Sorry about that. There was a bug (introduced by another change) that meant we always required a species directory even when using build. Please can you try the latest version from the master branch and let me know if it works for you now?

All the best,

Mike

mhassan commented 5 years ago

Hi Mike, Thanks, that resolved the issue. However, am now having a problem with igblastn. Initially there was an error with the species: igblast_species = species_mapper[species] KeyError: 'Btau

So I edited the species_wrapper in tracer_func.py to include "Btau": 'Bos_taurus'

Which clears the error but then igblastn produces this error:

CMD failed: /exports/mhassan/igBLAST/ncbi-igblast-1.9.0/bin/igblastn -germline_db_V ./bos/Btau/igblast_dbs/TCR_V.fa -germline_db_D ./bos/Btau/igblast_dbs/TCR_D.fa -germline_db_J ./bos/Btau/igblast_dbs/TCR_J.fa -domain_system imgt -organism Bos_taurus -ig_seqtype TCR -show_translation -num_alignments_V 5 -num_alignments_D 5 -num_alignments_J 5 -outfmt 3 -auxiliary_data optional_file/Bos_taurus_gl.aux -query /exports/mhassan/Tim/TCRs/A7/Trinity_output/A7_TCR_A.Trinity.fasta

USAGE igblastn [-h] [-help] [-germline_db_V germline_database_name] [-num_alignments_V int_value] [-germline_db_V_seqidlist filename] [-germline_db_D germline_database_name] [-num_alignments_D int_value] [-germline_db_D_seqidlist filename] [-germline_db_J germline_database_name] [-num_alignments_J int_value] [-germline_db_J_seqidlist filename] [-auxiliary_data filename] [-min_D_match min_D_match] [-D_penalty D_penalty] [-J_penalty J_penalty] [-num_clonotype num_clonotype] [-clonotype_out clonotype_out] [-allow_vdj_overlap] [-organism germline_origin] [-domain_system domain_system] [-ig_seqtype sequence_type] [-focus_on_V_segment] [-extend_align5end] [-min_V_length Min_V_Length] [-min_J_length Min_J_Length] [-show_translation] [-db database_name] [-dbsize num_letters] [-gilist filename] [-seqidlist filename] [-negative_gilist filename] [-negative_seqidlist filename] [-taxids taxids] [-negative_taxids taxids] [-taxidlist filename] [-negative_taxidlist filename] [-entrez_query entrez_query] [-db_soft_mask filtering_algorithm] [-db_hard_mask filtering_algorithm] [-subject subject_input_file] [-subject_loc range] [-query input_file] [-sra accession] [-out output_file] [-evalue evalue] [-word_size int_value] [-gapopen open_penalty] [-gapextend extend_penalty] [-qcov_hsp_perc float_value] [-max_hsps int_value] [-xdrop_ungap float_value] [-xdrop_gap float_value] [-xdrop_gap_final float_value] [-searchsp int_value] [-sum_stats bool_value] [-penalty penalty] [-reward reward] [-no_greedy] [-ungapped] [-culling_limit int_value] [-best_hit_overhang float_value] [-best_hit_score_edge float_value] [-window_size int_value] [-off_diagonal_range int_value] [-lcase_masking] [-query_loc range] [-strand strand] [-parse_deflines] [-outfmt format] [-show_gis] [-num_descriptions int_value] [-num_alignments int_value] [-line_length line_length] [-max_target_seqs num_sequences] [-num_threads int_value] [-remote] [-version]
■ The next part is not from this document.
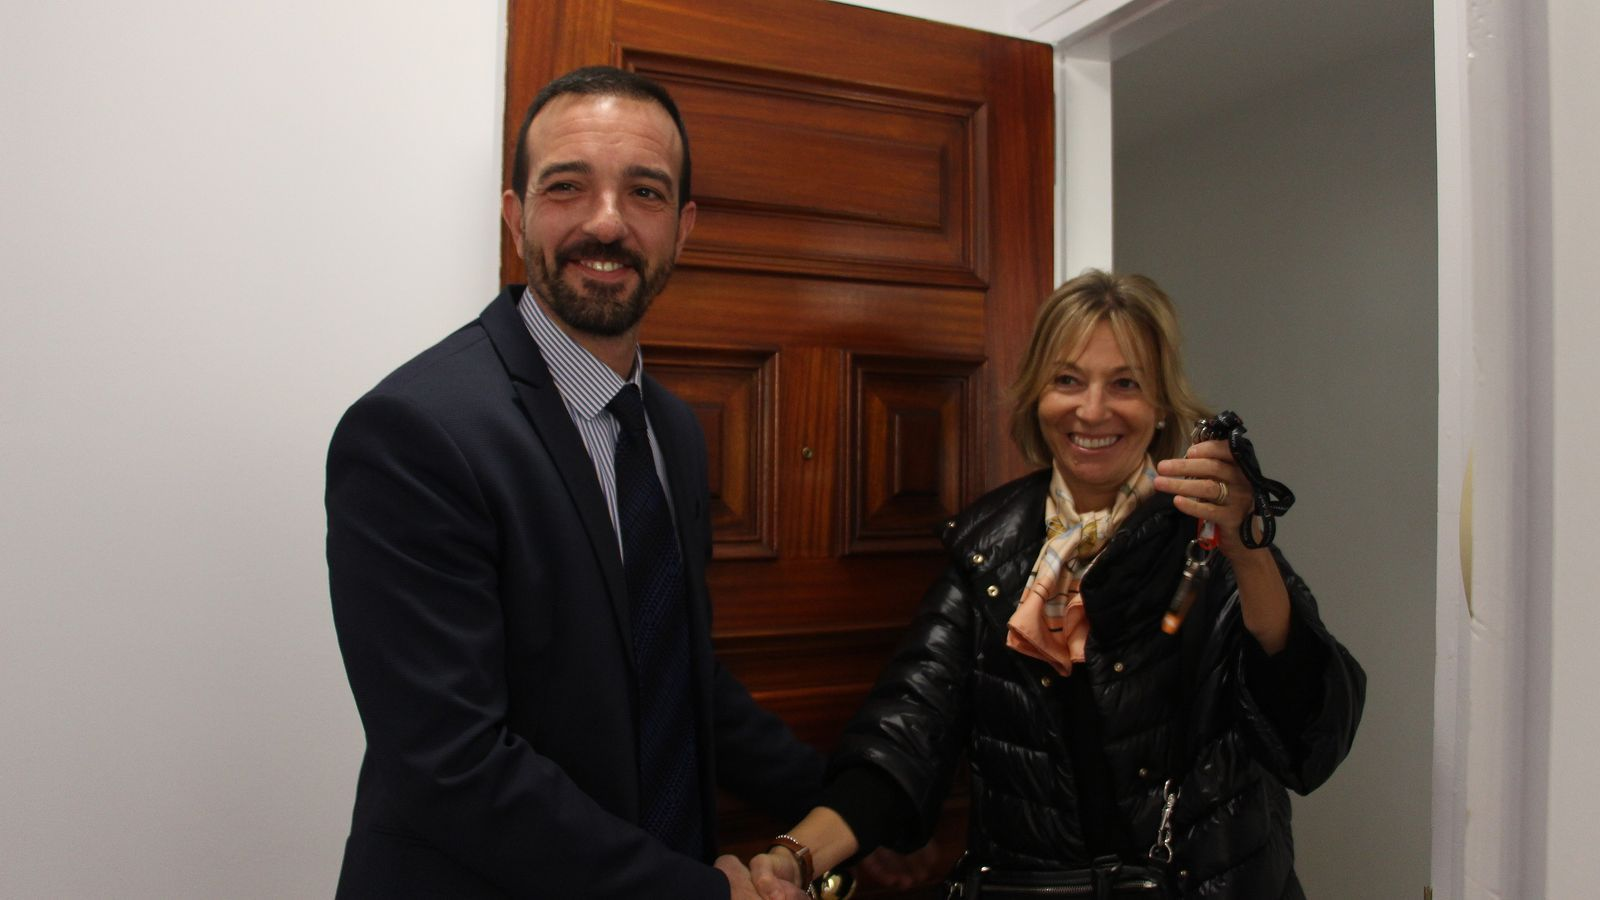 El ministre d'Ordenament Territorial, Jordi Torres, lliura les claus del pis a la secretària d'Estat d'Afers Socials i Ocupació, Ester Fenoll. / M. F. (ANA)

DESCRIPTION Nucleotide-Nucleotide BLAST for immunoglobulin sequences 2.8.0+

Use '-help' to print detailed descriptions of command line arguments

Error: Argument "organism". Illegal value, expected human',mouse', rabbit',rat', rhesus_monkey':Bos_taurus' Error: (CArgException::eConstraint) Argument "organism". Illegal value, expected human',mouse', rabbit',rat', rhesus_monkey':Bos_taurus'

I've tried the default --seq_method and 'assembly' but none seems to work.

Musa

mstubb commented 5 years ago

Ah. Sorry about this. I’ll be happy to help make this work. It’d be really helpful if you could send me the following things (either through here or directly through my email mjt.stubbington [at] gmail.com).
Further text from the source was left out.